#### [DATA BLOCK]
________________________________________

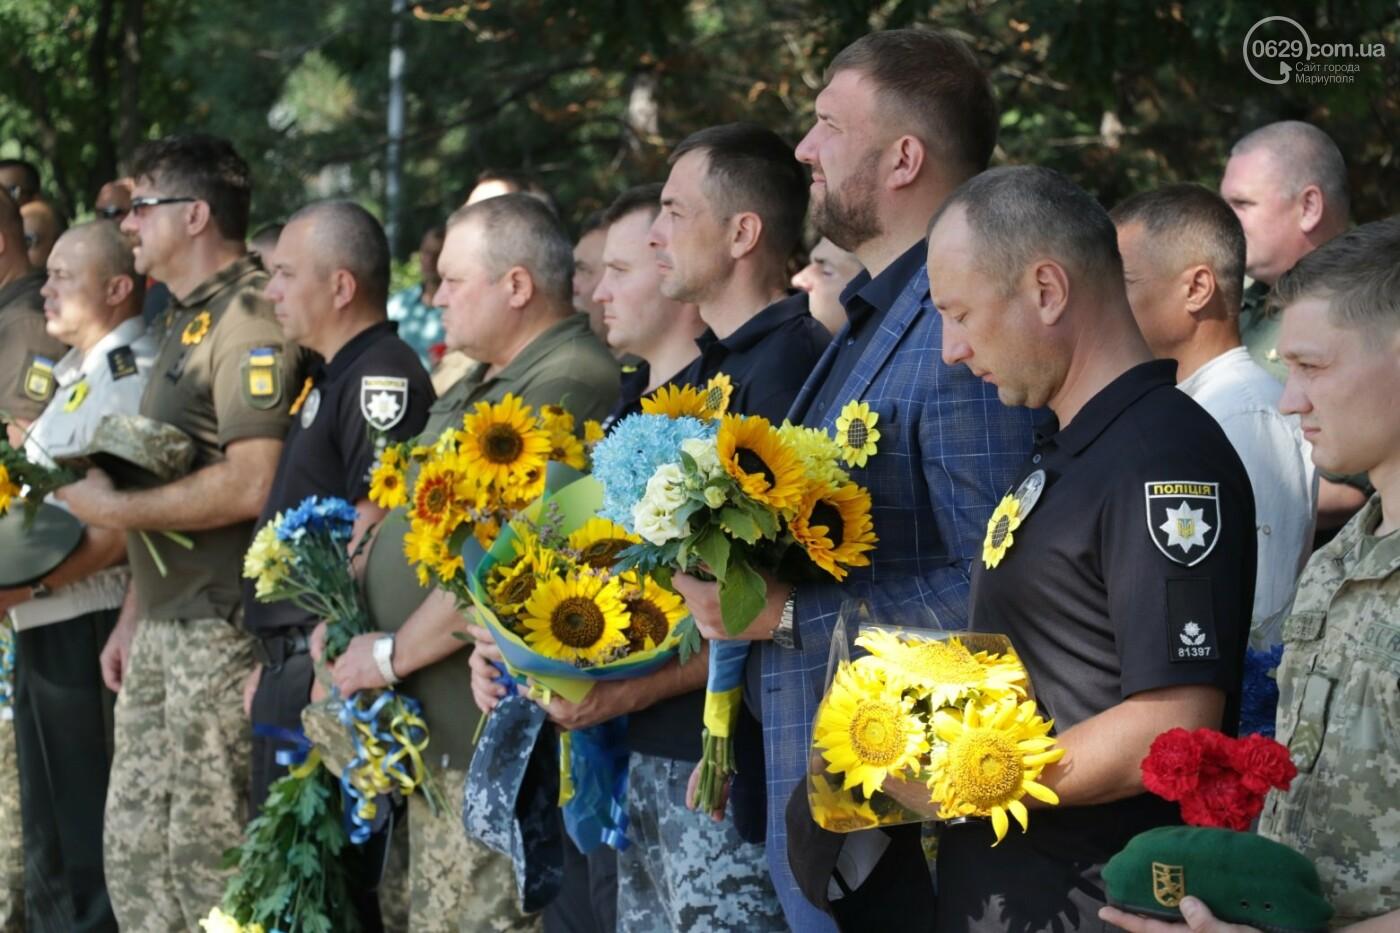 Общенациональная минута молчания. Как в Мариуполе почтили память защитников Украины, - ФОТОРЕПОРТАЖ, фото-18
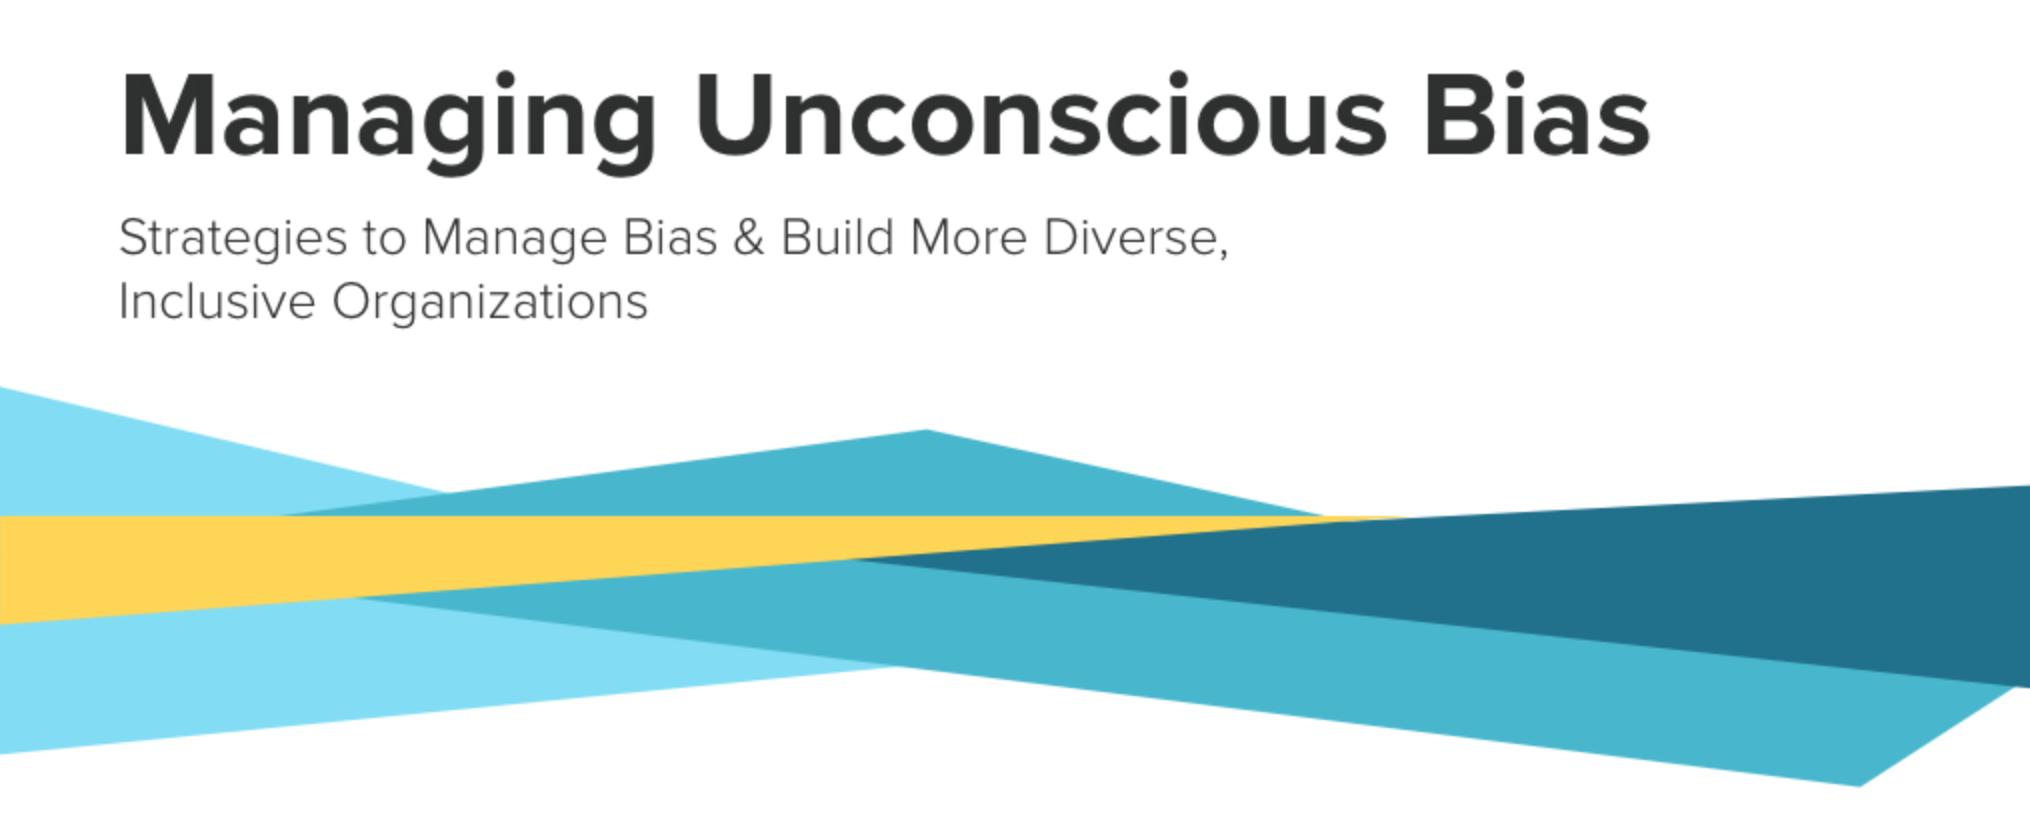 Managing Unconscious Bias
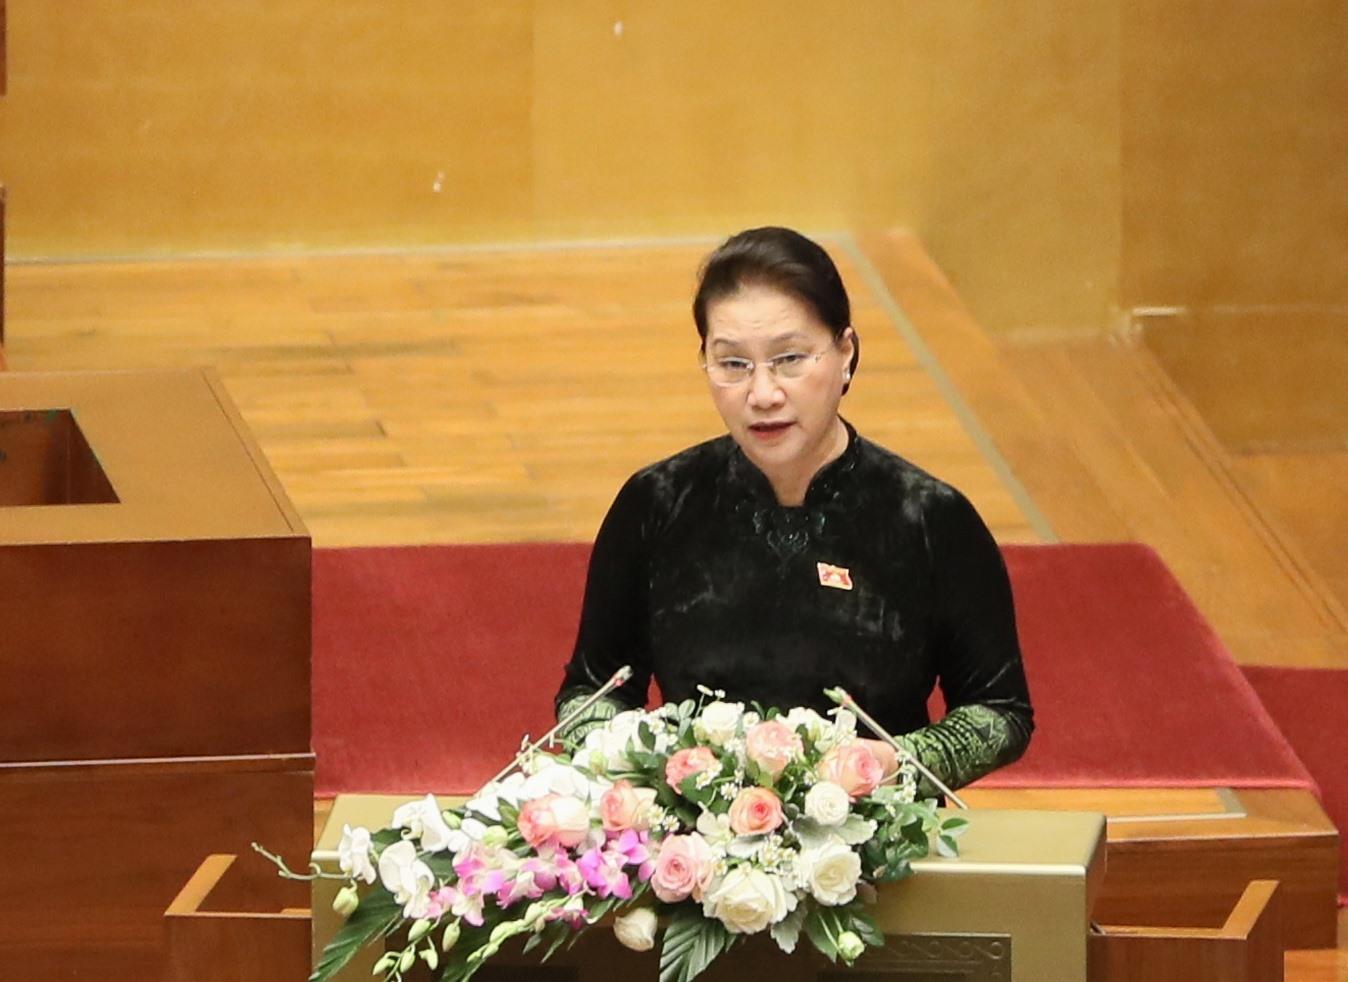 Chủ tịch Quốc hội Nguyễn Thị Kim Ngân. Ảnh: VG/Nhật Bắc
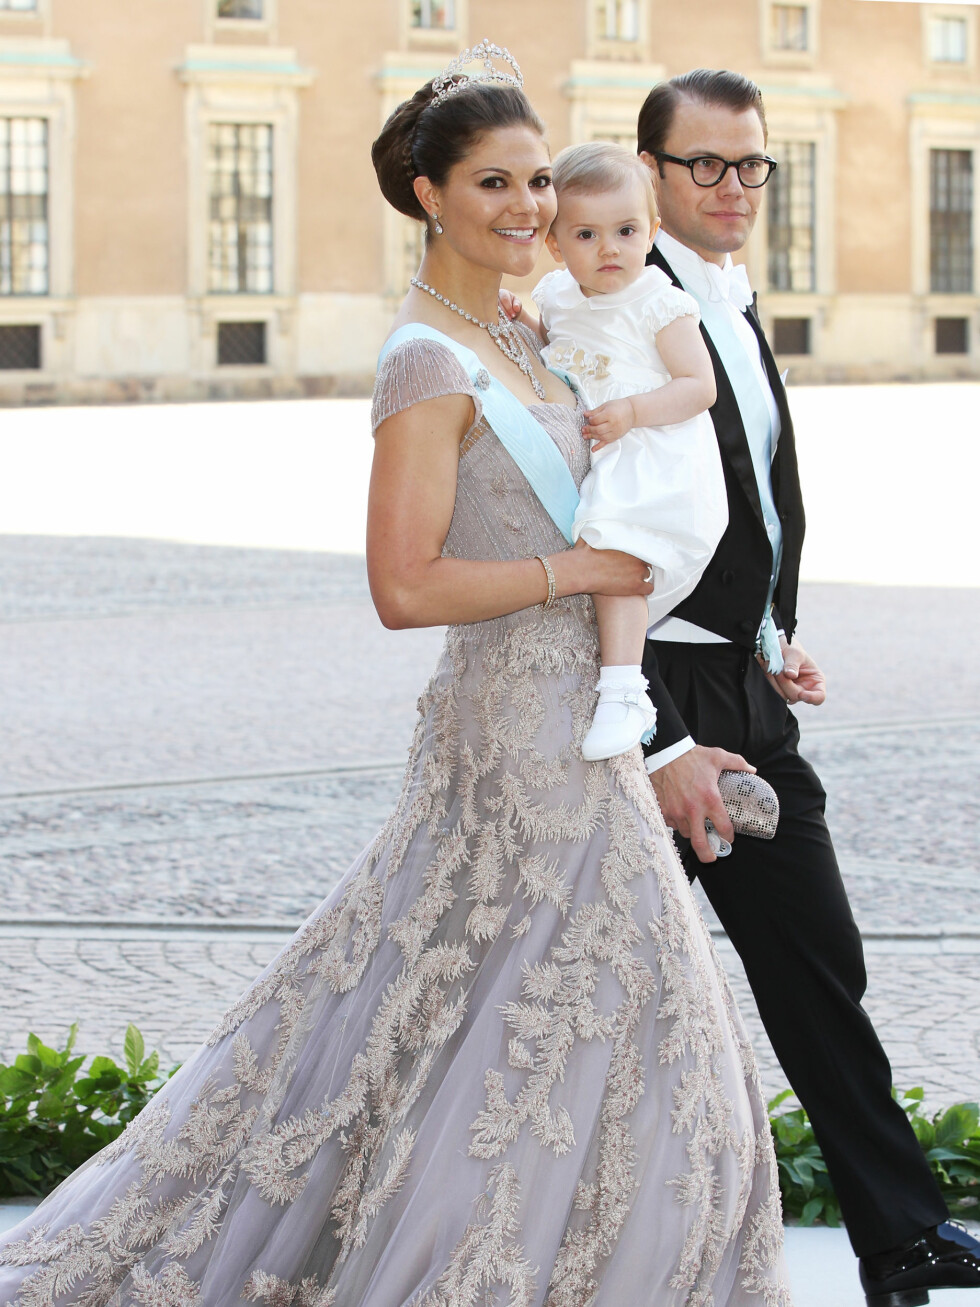 Kronprinsesse Victoria, prinsesse Estelle og prins Daniel.  Foto: All Over Press

________________________________________

Every line above should be returned word for word, with the pictures left behind.

 Общенациональная минута молчания. Как в Мариуполе почтили память защитников Украины, - ФОТОРЕПОРТАЖ, фото-18
 Managing Unconscious Bias
 Chủ tịch Quốc hội Nguyễn Thị Kim Ngân. Ảnh: VG/Nhật Bắc
 Kronprinsesse Victoria, prinsesse Estelle og prins Daniel.  Foto: All Over Press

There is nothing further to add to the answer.